What is being asked ▸ Print each record below precisely, with every picture left out of the copy.

Entries taken from a collection ▸
/---

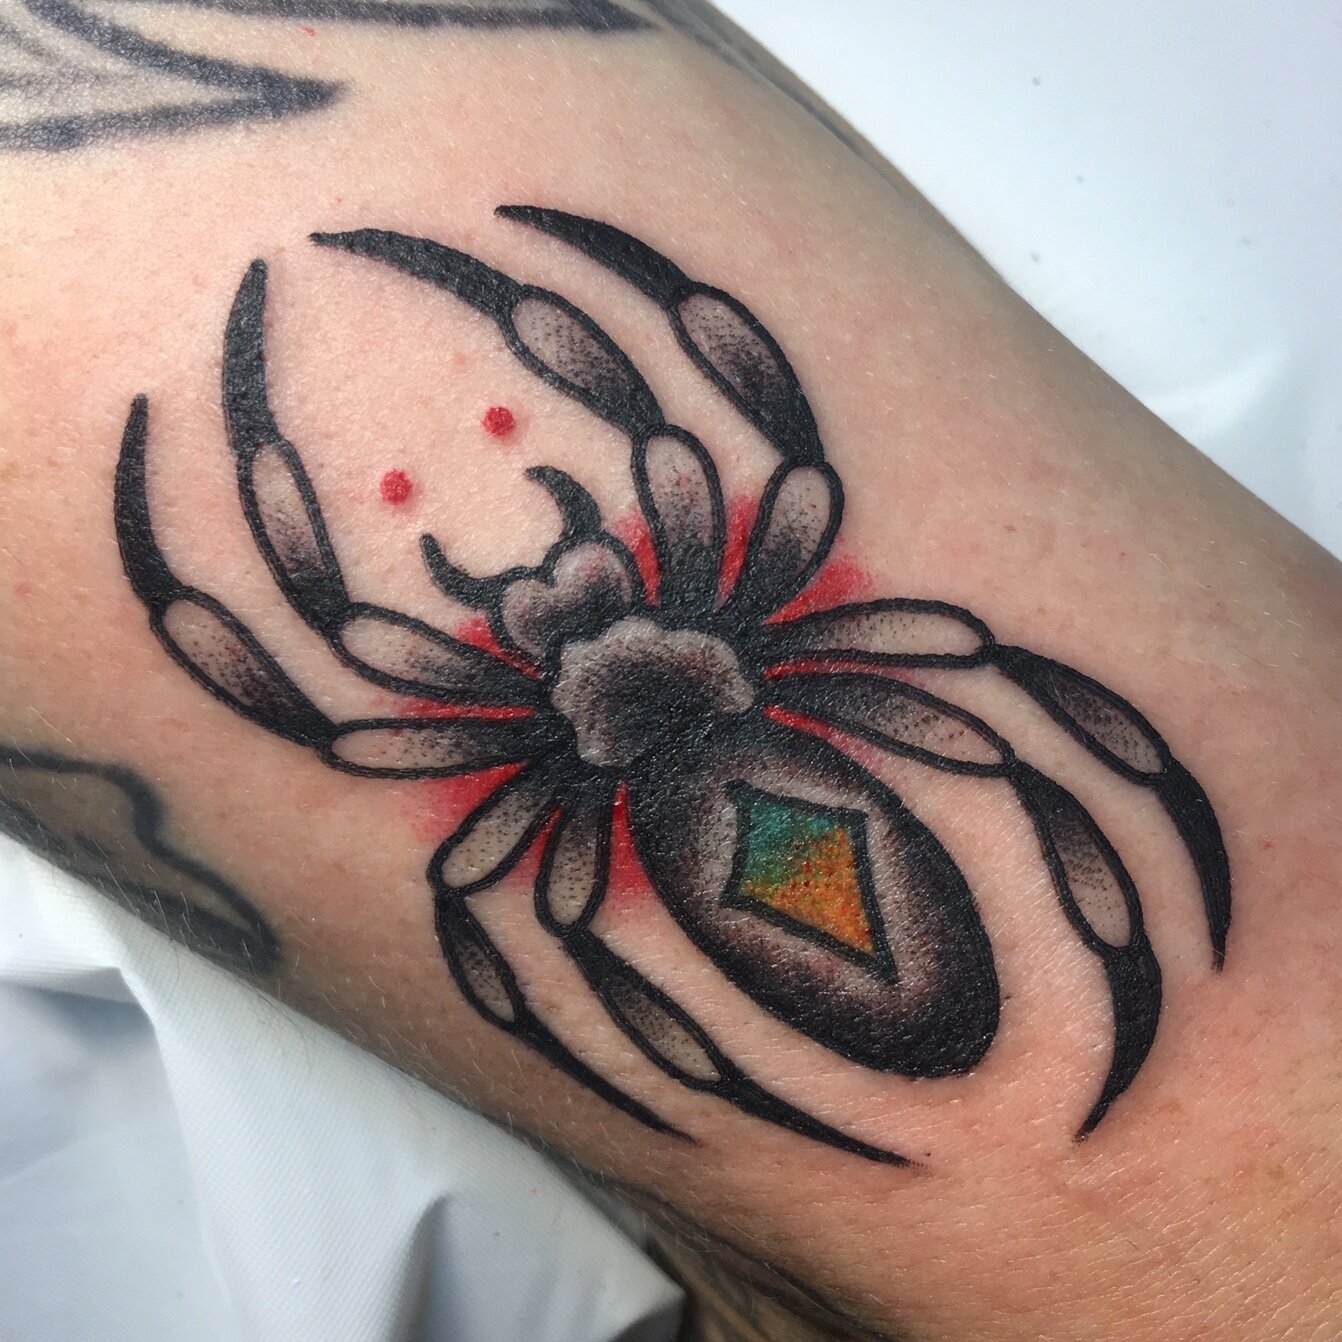 Traditional black widow spider tattoo by Brian Gattis at Southern Star Tattoo in Atlanta, Georgia
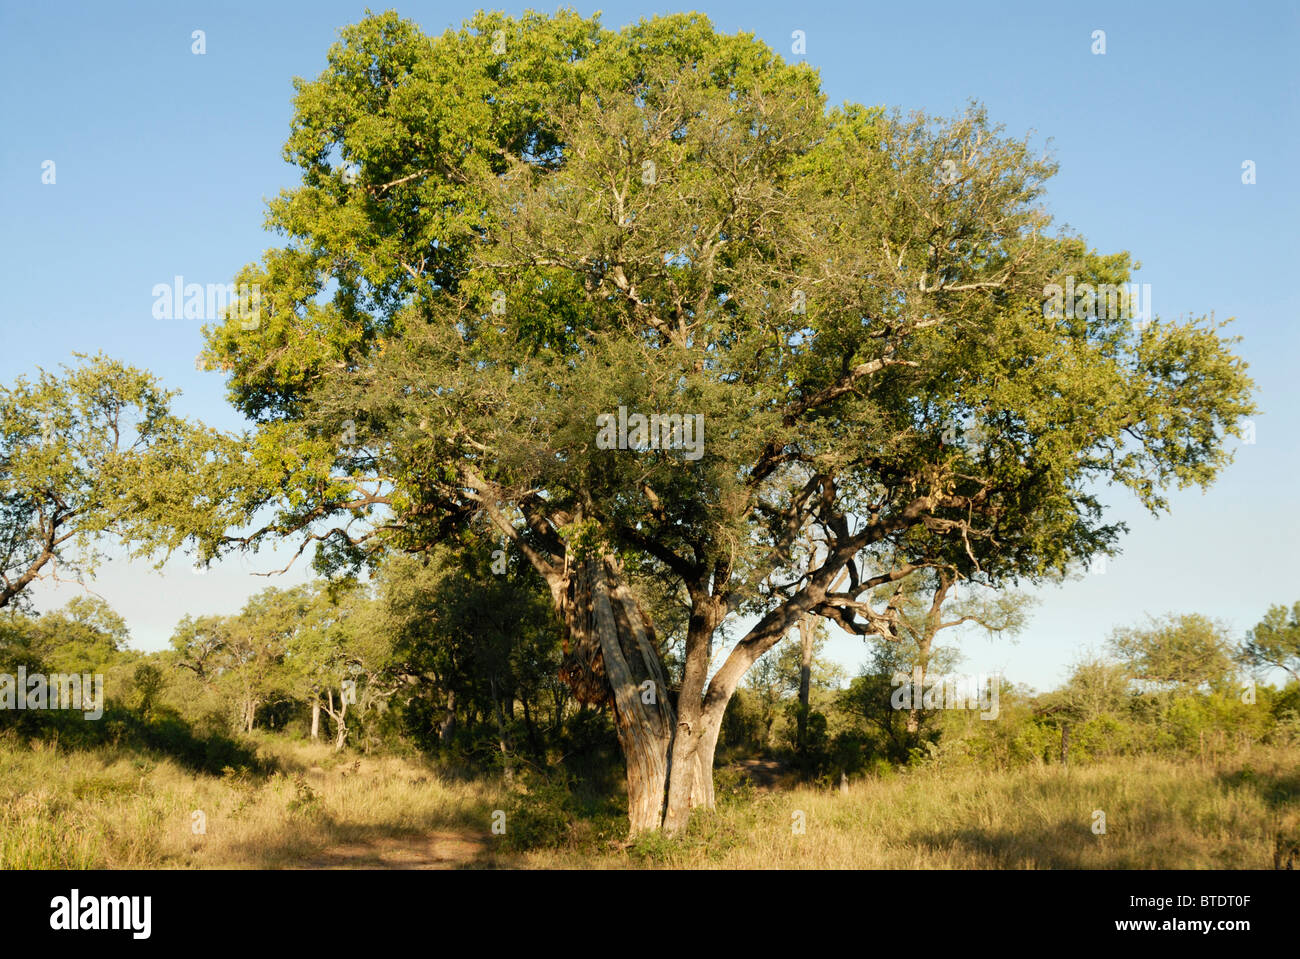 Scenic view of large strangler fig tree Stock Photo
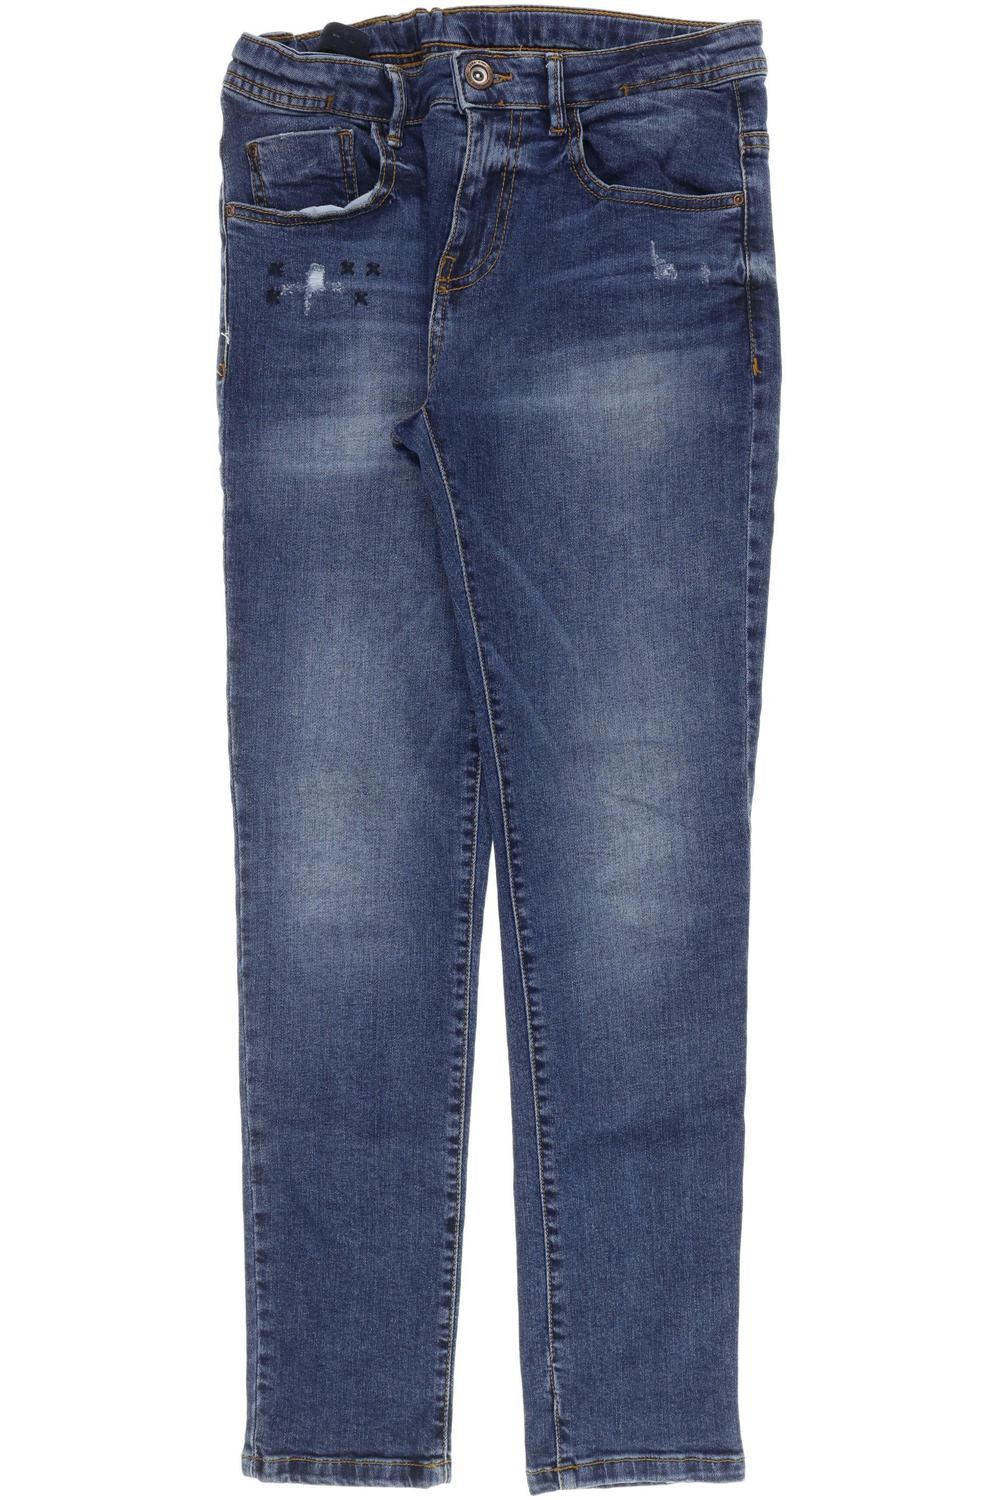 ZARA Jungen Jeans DE 152 Second Hand kaufen | ubup
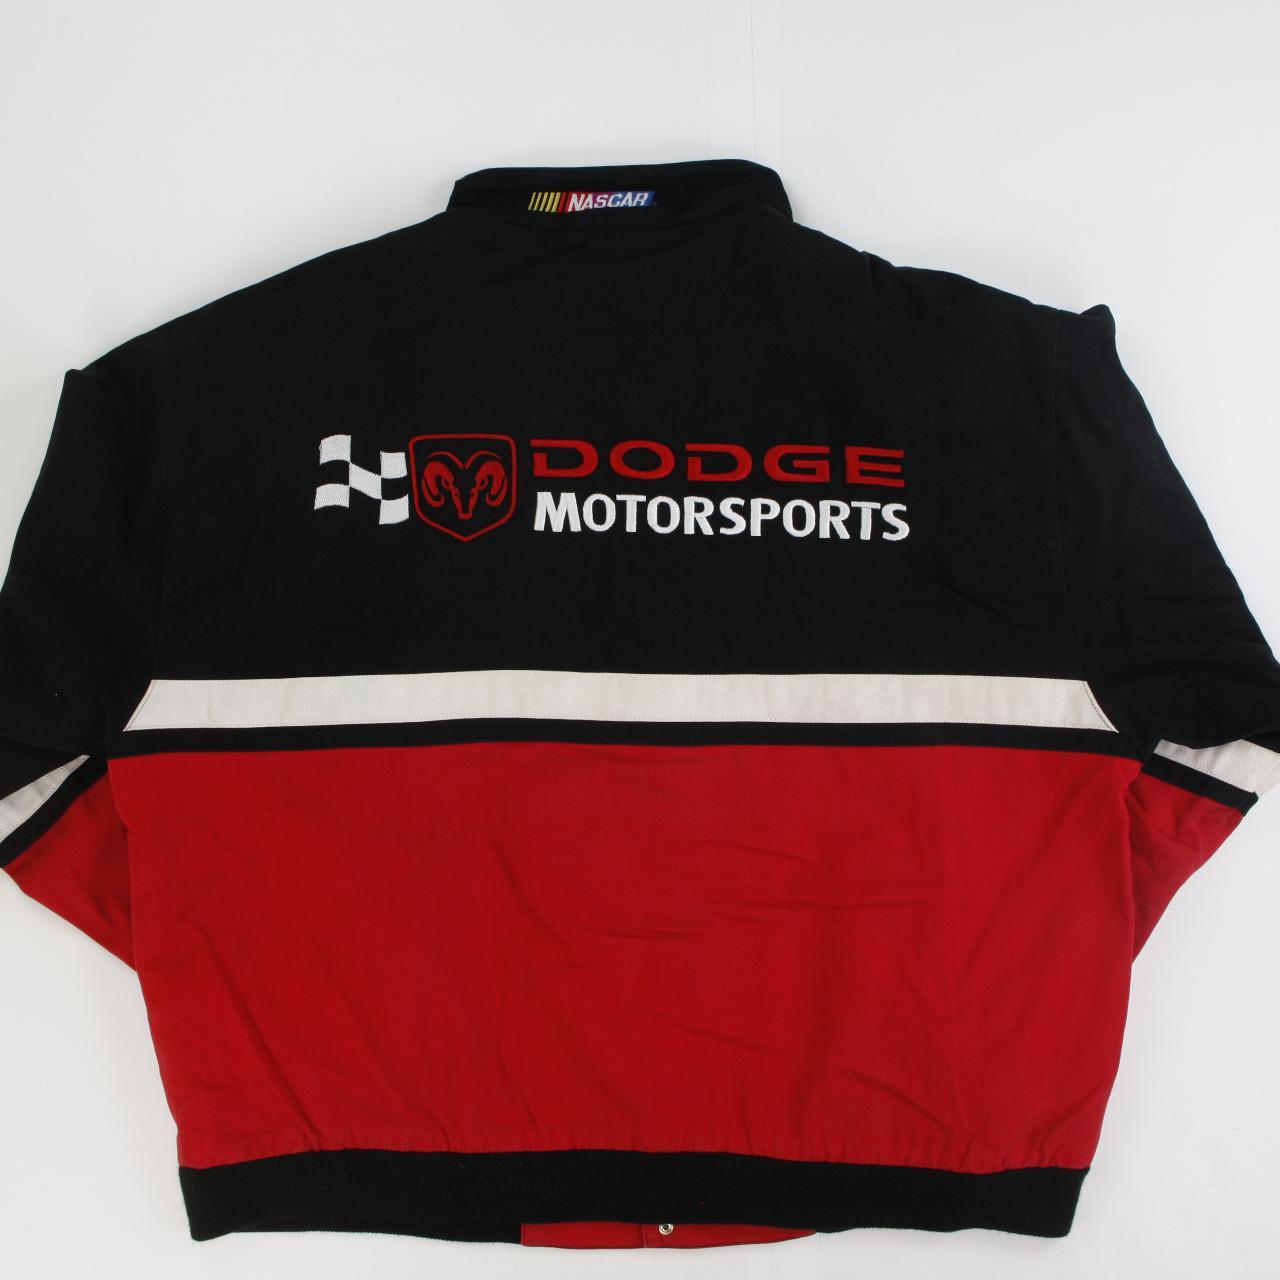 Product Image 4 - Racing Jacket.

Vintage Motorsport Jacket. Driving

\---

Answer space ▸
 Traditional black widow spider tattoo by Brian Gattis at Southern Star Tattoo in Atlanta, Georgia
 Scenic view of large strangler fig tree Stock Photo
 ZARA Jungen Jeans DE 152 Second Hand kaufen | ubup
 Product Image 4 - Racing Jacket.

Vintage Motorsport Jacket. Driving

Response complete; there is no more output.